Reservoir Sampling

Goal : Choose a sample of $k$ items from a list $S$ containing $n$ items, where $n$ is either unknown or very large. For instance, a stream of numbers coming in.

Lets start with the procedure and then prove why this correct.

1. Keep the first k items in an array (we call this a reservoir)
2. When the $i^{th}$ item arrives, $i > k$
   1. With the probability $k/i$, keep the new item, discarding an old one selected uniformly at random from the reservoir.
   2. With probability $1-k/i$, reject this new item.

Now, lets take an example and work out this math, Lets take k = 10

1. For the first $10$ items, add them to the reservoir with probability $1$
2. When the $11^{th}$ item comes, it is
   • added to the reservoir with probability $10/11$
   • Now, what is the probability of an item $I$ which was already present in the reservoir when the $11^{th}$ item came ?

$p_{required} = $ (the 11th element is chosen and it replaces an element other than $I$ ) or (the 11th element is rejected) \begin{align} &= 10/11 * 9/10 +(1-10/11) \\ &= 9/11+1/11 \\ &= 10/11 \end{align}

So, all the elements in the reservoir stay with the probability of $10/11$ Lets work out what happens when the $12^{th}$ element comes.

1. It is added to reservoir with probability $10/12$
2. What is the probability that element $I$ (which was present in the reservoir)" will stay ?

   • $= 10/11 * ( 10/12 * 9/10 + (1-10/12) )$

   • $= 10/11 ( 9/12 + 2/12) = 10/11 * 11/12 = 10/12 $

The $10/11$ factor in the above equation comes from the previous round.
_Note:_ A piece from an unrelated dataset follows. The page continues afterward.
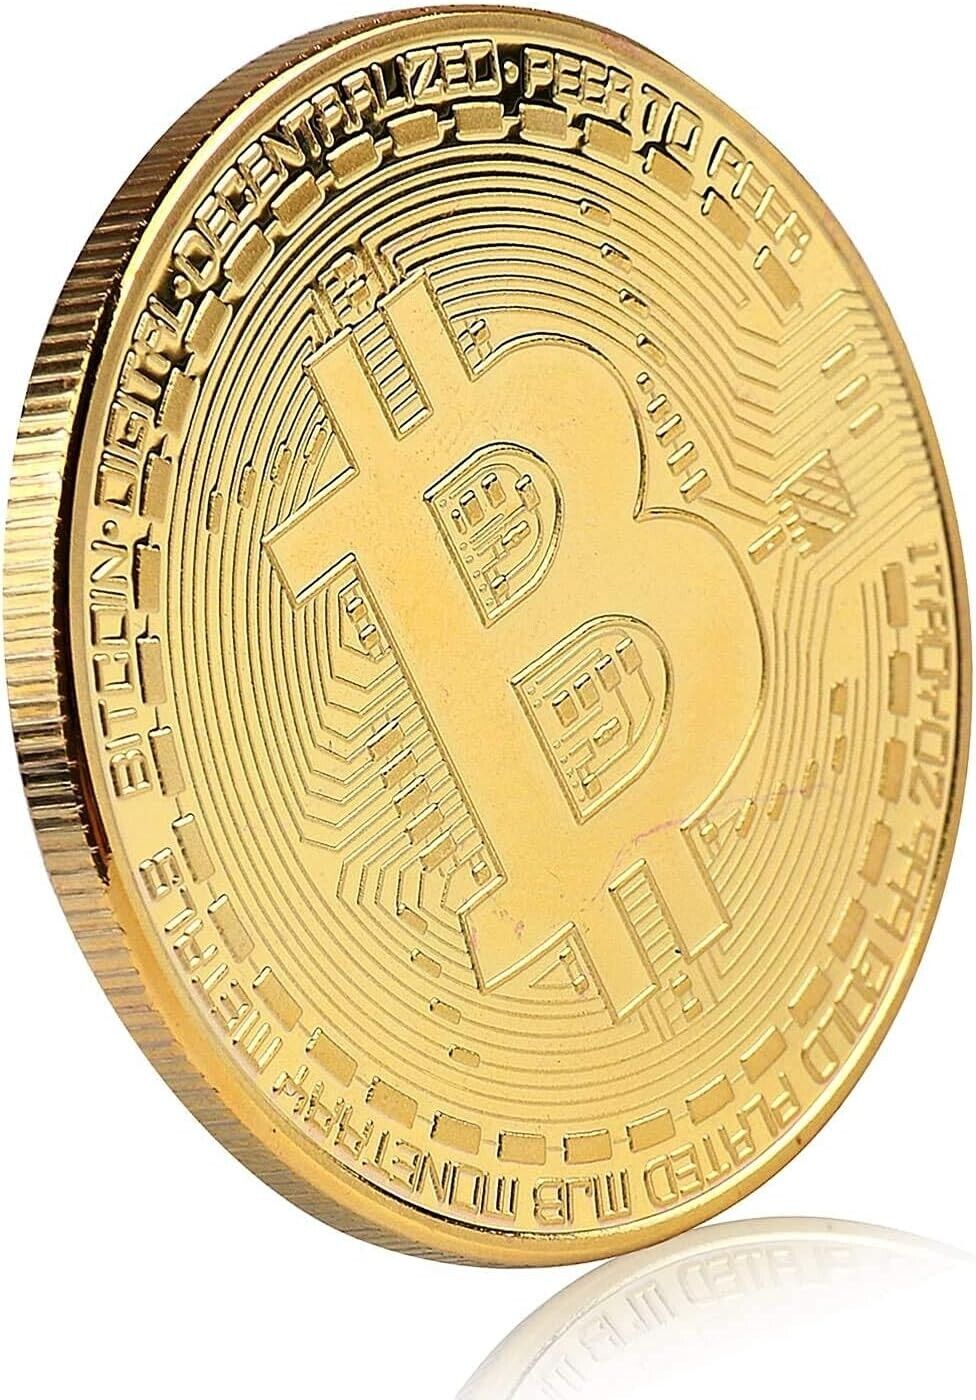 New Bitcoin Coin Souvenir  Physical Bitcoin Collection, Gold Color Great Gift

Thus, all elements in the reservoir have a probability of $10/12$.

How do we code this up ?
Input: Elements S[1..n], we want to sample k elements where $k << n$

1. Allocate reservoir $R$ of size $k$
2. for $i$ = $1$ to $k$
   $R[i] = S[i]$
3. For $i = k + 1$ to n
   $j$ = $random(1,i)$ // inclusive
   if $j <= k$
   $R[j] = S[i]$

Lets see how this code is equivalent to what we computed earlier, in an inductive way.

1. Lets assume after round $i - 1$, each element in the reservoir stays with the probability $k/(i-1)$
2. For round i, we have
   1. New element stays with probability $k/i$
   2. Old element stays with probability :
      $= \frac{k}{i - 1} (\frac{k}{i} * \frac{k - 1}{k} + (1 - \frac{k}{i}))$
      $= \frac{k}{i-1}\frac{i-1}{i} $
      $= \frac{k}{i} $ as required

Reservoir sampling with random sort

1. Assign a random number as a key to each item
2. Sort these items and maintain k items with minimum key values

This can be easily implemented using a heap.
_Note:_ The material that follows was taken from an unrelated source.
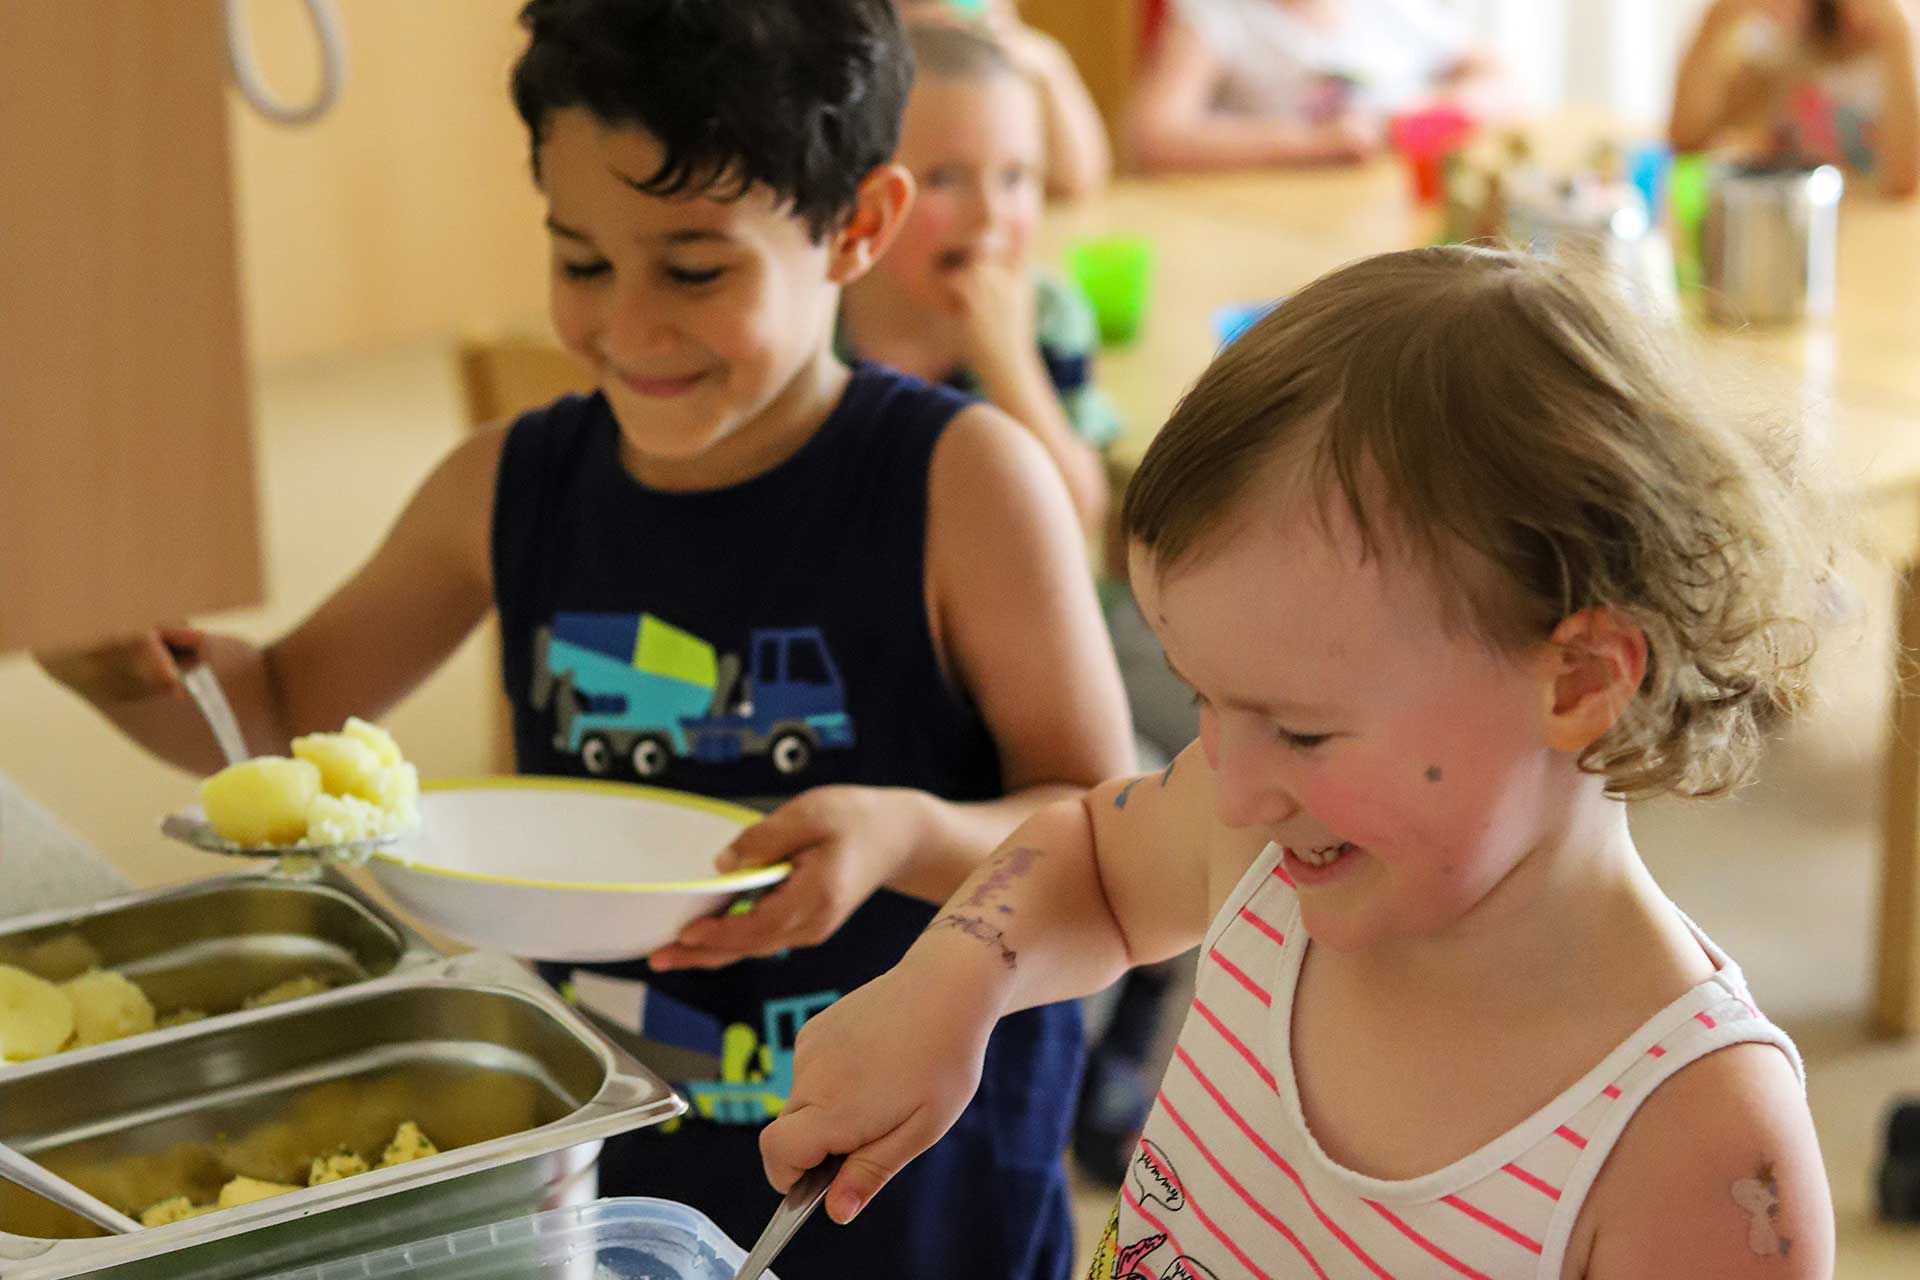 Das Mittagessen wird sich von den Kindern selbst auf den Tellern getan. Es gibt Kartoffeln, Spinat und Ei.

Distributed Reservoir Sampling

• What if we have huge amounts of data? It is desirable to distributed sampling tasks among many machines in parallel
• A Simple approach: Distributed sort with a random key like above and pick top k elements .

But this is too costly.

Instead, we

1. Distribute data among m machines
2. Each machine $c$ does its own sampling using a random key and produces a sample of size <= $k$ items
3. Collect all samples $n^{'} <= mk$
4. Sample $k$ items from these $n^{'}$ items using the same random key

If we want to associate a weight $W_i$ with each item, then the random key can be scaled as $r^{1/w_i}$. That is, higher the weight bigger the key.